## Data section
┄┄┄┄┄┄┄┄┄┄
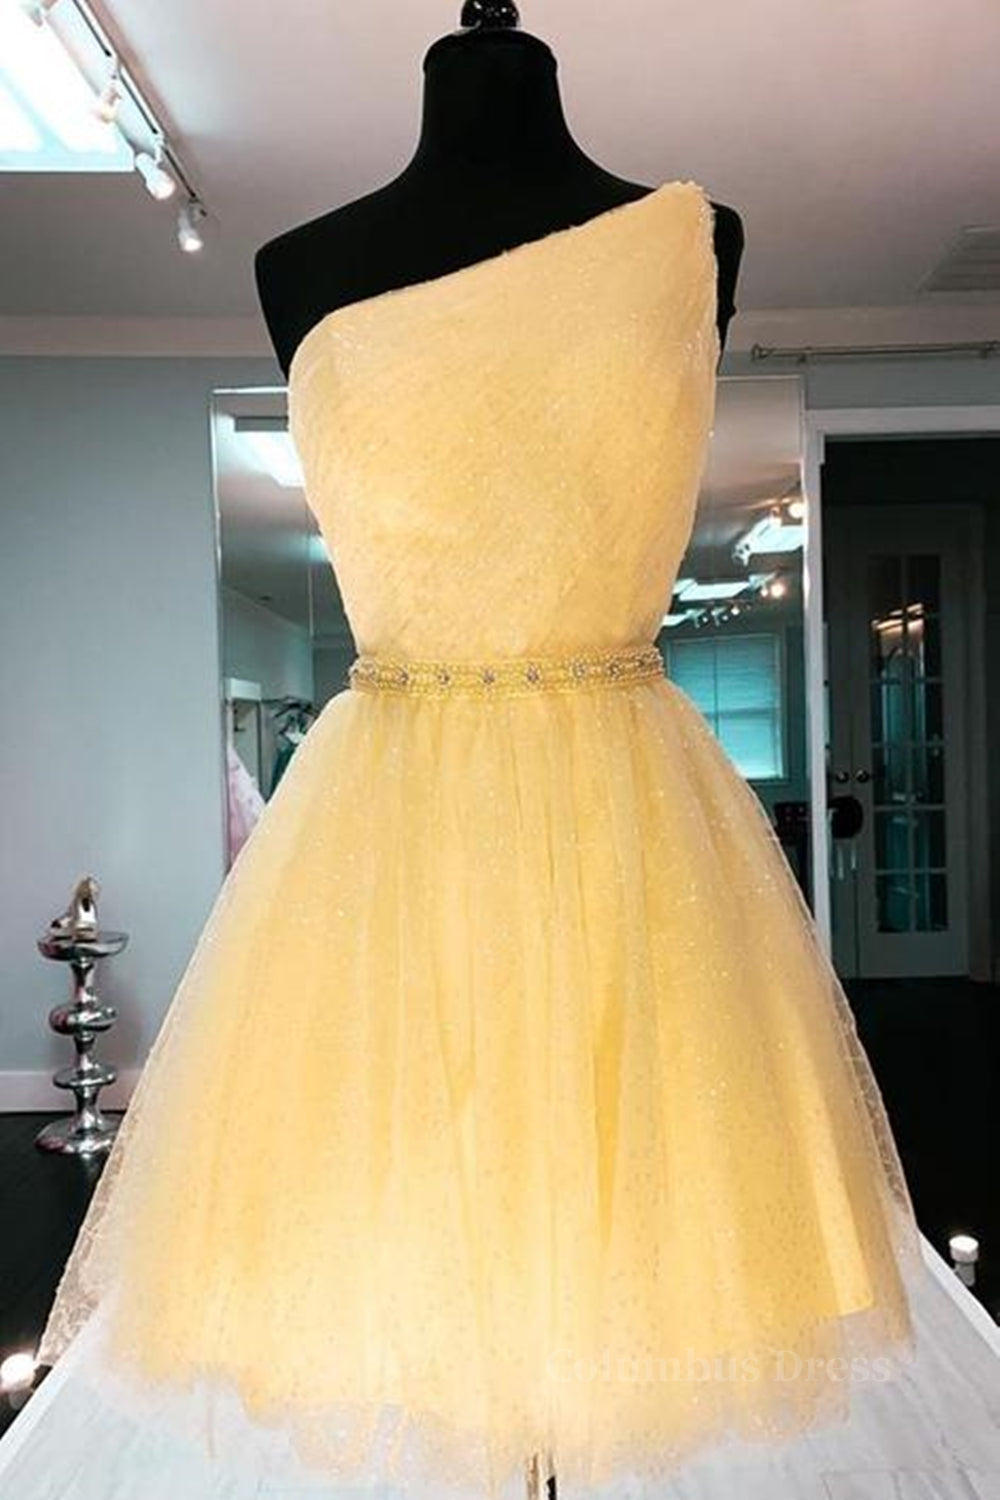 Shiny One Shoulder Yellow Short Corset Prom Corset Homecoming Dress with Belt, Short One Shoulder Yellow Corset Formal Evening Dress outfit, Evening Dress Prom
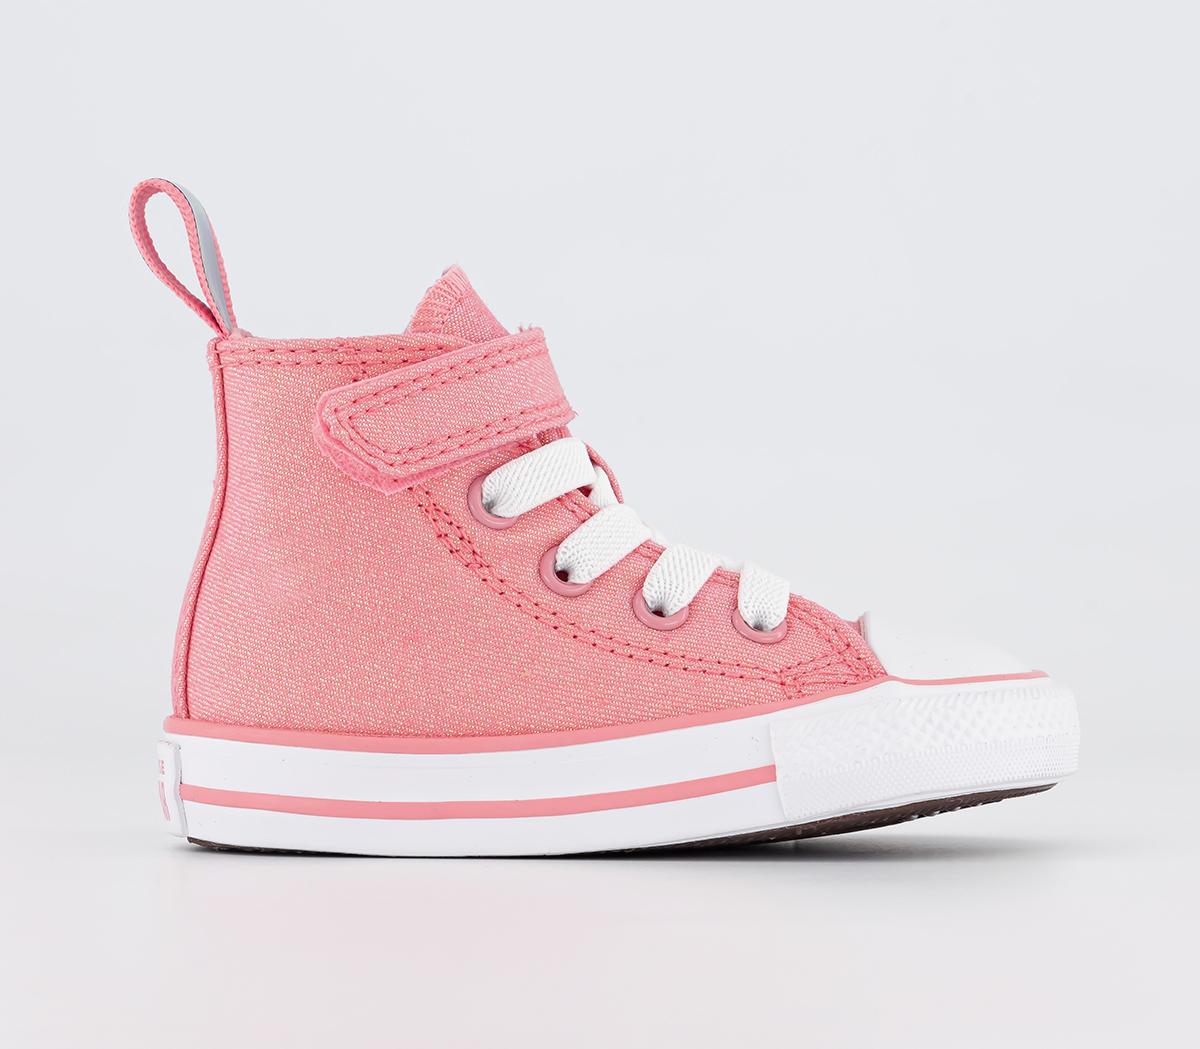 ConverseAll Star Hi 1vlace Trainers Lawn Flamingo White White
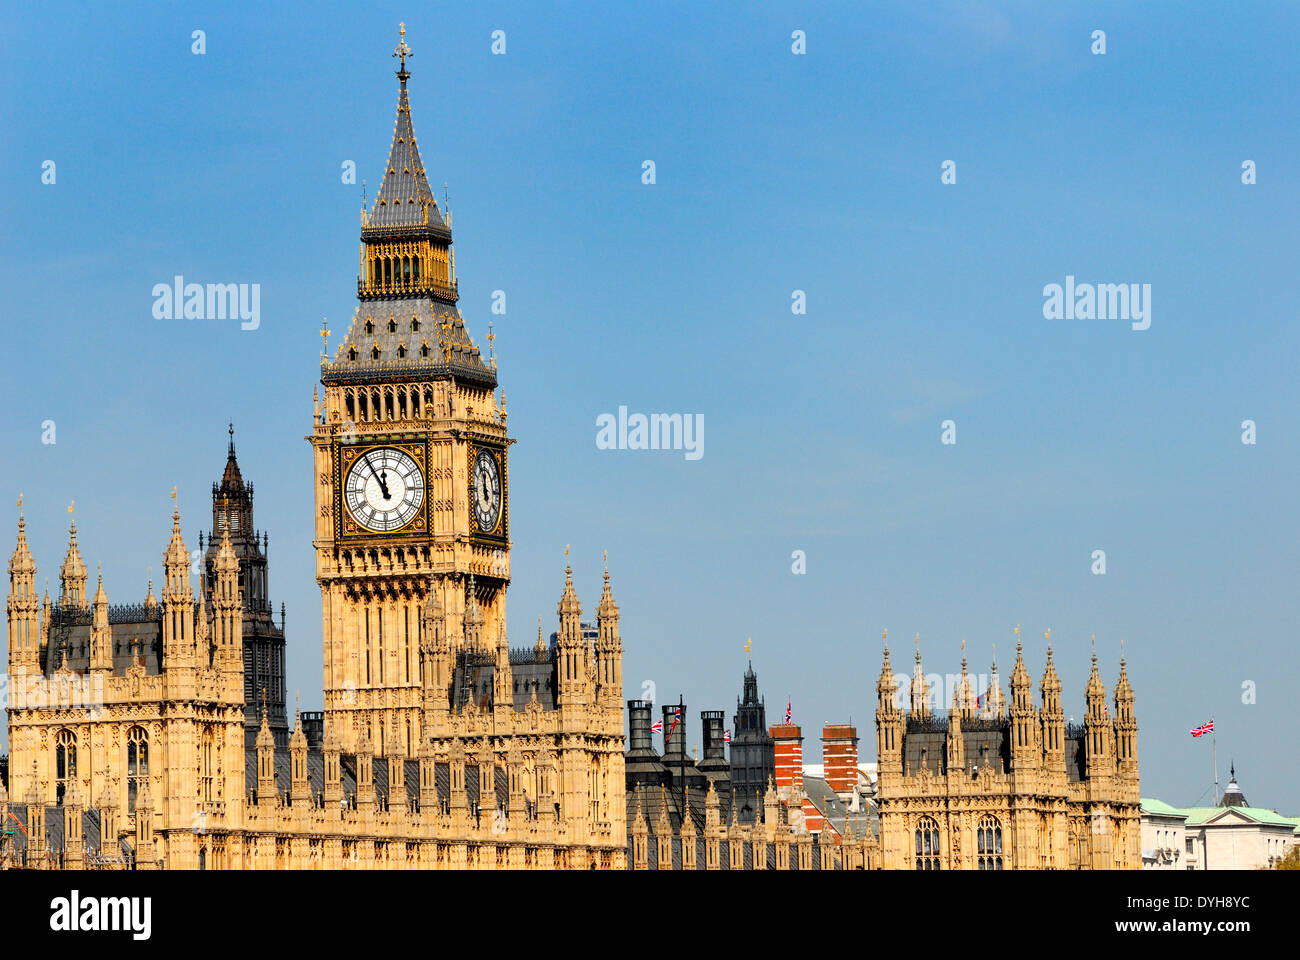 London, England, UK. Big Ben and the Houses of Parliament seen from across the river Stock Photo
┄┄┄┄┄┄┄┄┄┄
## Work task
Reproduce every line above as written, skipping pictures.

## Task solution
 Shiny One Shoulder Yellow Short Corset Prom Corset Homecoming Dress with Belt, Short One Shoulder Yellow Corset Formal Evening Dress outfit, Evening Dress Prom
 ConverseAll Star Hi 1vlace Trainers Lawn Flamingo White White
 London, England, UK. Big Ben and the Houses of Parliament seen from across the river Stock Photo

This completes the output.